Furthermore, it was suggested during the study that
predictability also increases because integration is
performed outside of the project's critical path. The
reasoning here is that small, early and incremental
integrations can be done in parallel with development,
while traditional “big bang” integrations towards the end
of the project inevitably take place on the critical path.
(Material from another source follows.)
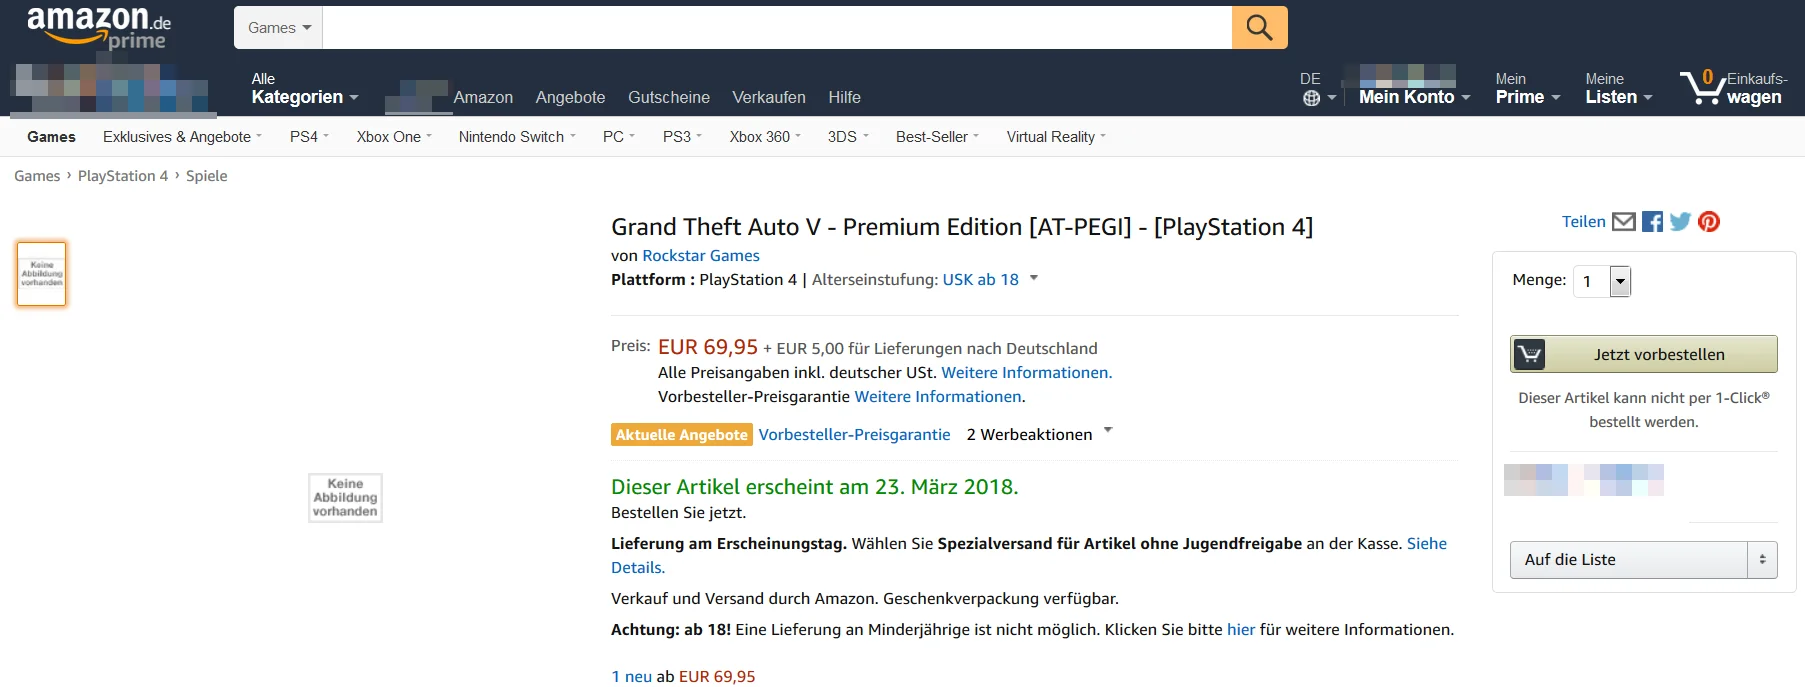 Премиальное переиздание GTA 5 заметили на Amazon. Rockstar все мало! - фото 2

We considered it to be worth dedicating an extra question
to this:
11. To what extent have you experienced continuous
integration improving project predictability, as
an effect of integration taking place outside of
the critical path?
4.3 Interviewees
To ensure a sufficient distribution of interviewees in each
of the projects developing the studied products, managers
of these products were asked to suggest interviewees
representing developers, testers, project managers and line
managers. One to two representatives of each role in each
product were interviewed.
5. Hypotheses and Data Examination
This section examines the data gathered in the study and
discusses it in relation to the formulated hypotheses.
5.1 Examination of Data
A total of eleven questions pertaining to the formulated
hypotheses are included in the data set. Across all eleven
questions, the average standard deviation of scores
assigned by interviewees (on a scale of 0 to 7, see section
2.2) to their experiences of continuous integration effects
was 2.30. We believe that this high standard deviation
reveals a large amount of disagreement. Even though the
exact causes of this disagreement are currently not
understood, we nevertheless find this to be an interesting
result in itself: it supports the view that perceptions and
experiences of continuous integration differ (see section
2.1).
In order to determine whether a hypothesis was validated
by the empirical data, the average score for the questions
pertaining to that hypothesis was used: an average of 3.5
or above is considered a validation. For hypotheses with
multiple stipulated causes, all causes must be validated for
the hypothesis itself to be fully validated. Also note that
some questions (e.g. questions 10 and 11) are not
designed to validate any hypotheses, but merely to
provide additional data. Furthermore, we do not consider
a score below 3.5 to necessarily rule out the validity of an
effect, but instead may be an indication of a correlation
that is not yet fully understood.
5.2 Examination of Hypotheses
This section discusses each hypothesis in turn and
presents the results of the questions pertaining to those
hypotheses. The scores given by the interviewees in
response to these questions are depicted in figures 2
through 5. In each figure, the average score is displayed
as a horizontal bar. Also, the distribution of responses is
represented as a candlestick chart [11], with the vertical
bar representing the minimum and maximum scores,
while the lower and upper boundaries of the box represent
the first and third quartiles respectively.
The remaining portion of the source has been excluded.